Best available alternative:
- NVIDIA GTC Keynote clips — Jensen Huang’s GTC 2024 “Physical AI” segment on YouTube provides the conceptual framing, but is a product keynote, not a pedagogical resource. [Video ID: _waPvOwL9Z8 (GTC March 2025 Keynote)]
Blog / Written explainer (best)
- Lilian Weng — “Autonomous Agents” (covers embodied intelligence, perception-action loops, and agent grounding)
- Link: https://lilianweng.github.io/posts/2023-06-23-agent/
- Why: Weng’s characteristic depth and clarity covers the cognitive architecture underlying Physical AI — perception, memory, action, and tool use — with rigorous citations. While not exclusively about robotics hardware, it is the best written explainer from a trusted educator that addresses the embodied intelligence and perception-action loop concepts central to this topic. Her treatment bridges the gap between LLM-based reasoning and physical grounding.
- Level: intermediate/advanced
Deep dive
- Author/Source — Russ Tedrake, “Robotic Manipulation: Perception, Planning, and Control” (MIT Open Textbook)
- Link: https://manipulation.csail.mit.edu/
- Why: This is the most comprehensive freely available technical reference covering the full stack of Physical AI: depth cameras, sensor fusion, perception-action loops, grasping, and manipulation planning. Written by one of the field’s leading researchers, it includes code, lecture notes, and problem sets. Covers sim-to-real, tactile sensing concepts, and safety considerations. Far more rigorous than any blog post for learners who need implementation depth.
- Level: advanced
Original paper
- None identified — Physical AI as a unified concept does not have a single seminal “founding paper” in the way that, e.g., the Transformer or AlexNet do. The topic is a convergence of multiple subfields.

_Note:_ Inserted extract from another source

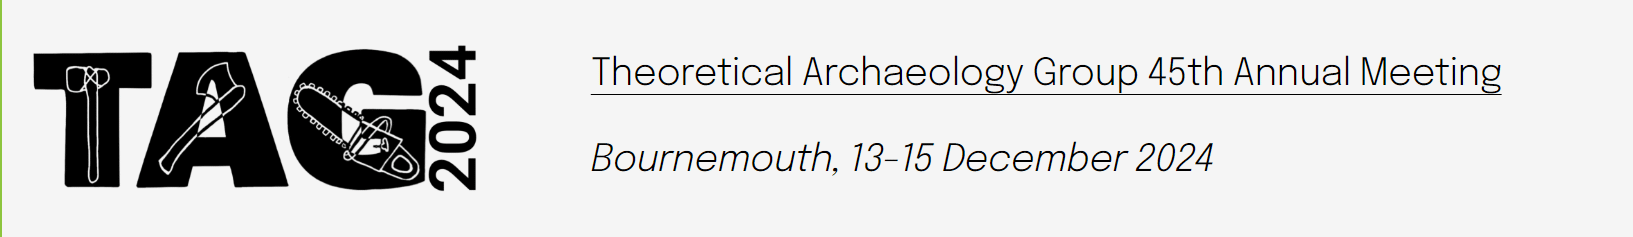 Theoretical Archaeology Group 45th Annual Meeting

Closest candidates (use with caveat):
- For embodied intelligence: Pfeifer & Bongard’s work, or the RT-2 paper (arxiv.org/abs/2307.15818) for vision-language-action models
- For sensor fusion foundations: No single canonical paper
- For tactile sensing (GelSight): Yuan et al., 2017 — “GelSight: High-Resolution Robot Tactile Sensors for Estimating Geometry and Force” https://pmc.ncbi.nlm.nih.gov/articles/PMC5751610/
Recommendation: Do not force a single paper here. Assign RT-2 + one tactile sensing paper as a paired reading instead.
Code walkthrough
- Source — MIT Manipulation Course Notebooks (Drake-based)

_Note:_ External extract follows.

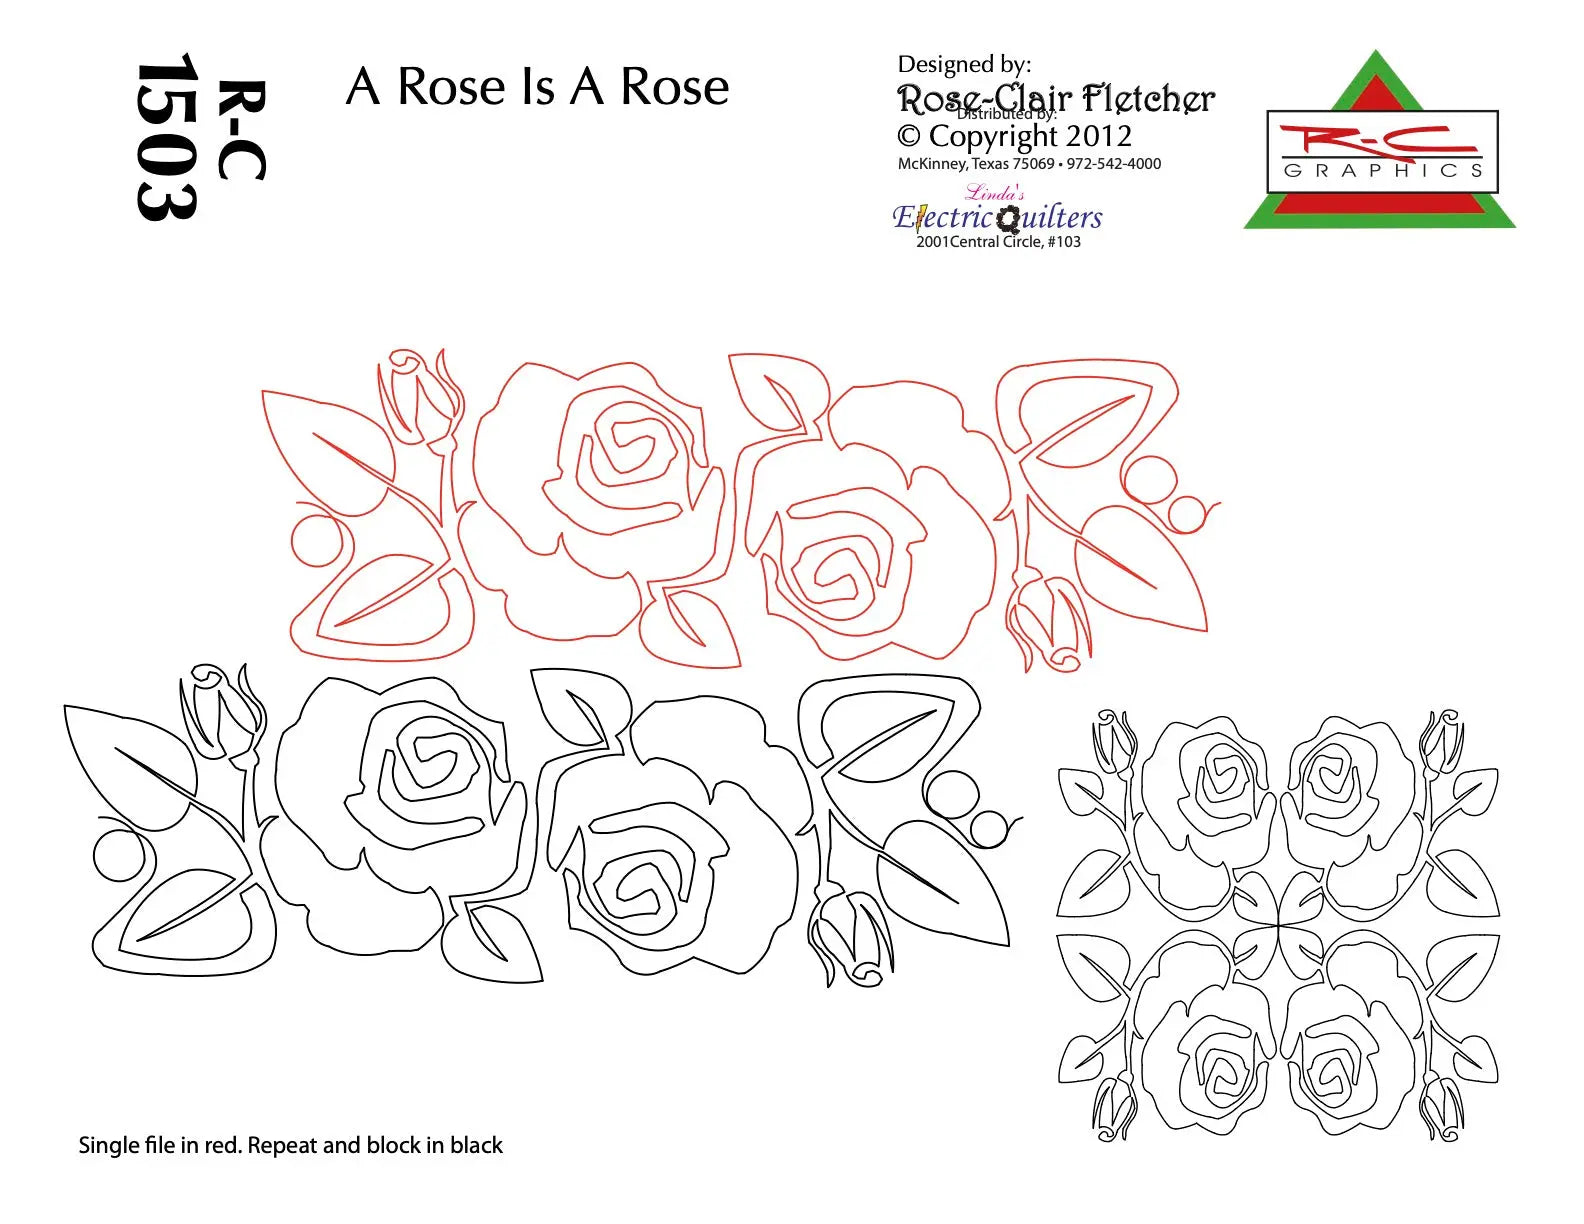 1503 A Rose Is A Rose Pantograph And Block by Rose-Clair Fletcher - Linda's Electric Quilters

- Link: https://manipulation.csail.mit.edu/clutter.html
- Why: Tedrake’s course provides runnable Jupyter/Colab notebooks using the Drake simulator that walk through perception pipelines (depth cameras, point clouds), grasp planning, and sensor integration — directly mapping to the core concepts of Physical AI Foundations. These are the most pedagogically complete hands-on implementations available for this topic from a credible academic source.
- Level: advanced
Alternative for beginners:
- NVIDIA Isaac Sim tutorials cover sensor fusion and robot perception in a more accessible way, but require proprietary software setup. [NOT VERIFIED]
Coverage notes
- Strong: Perception-action loop, embodied intelligence (conceptual), manipulation and depth cameras (Tedrake’s materials), autonomous systems architecture
- Weak: Tactile sensing (GelSight) — no strong standalone tutorial exists outside research lab pages; LiDAR-specific educational content tends to live in autonomous driving courses, not general Physical AI courses
- Weak: Safety certification for physical AI systems — this is a genuine educational gap; most content is either too theoretical (formal verification literature) or too domain-specific (automotive ISO 26262)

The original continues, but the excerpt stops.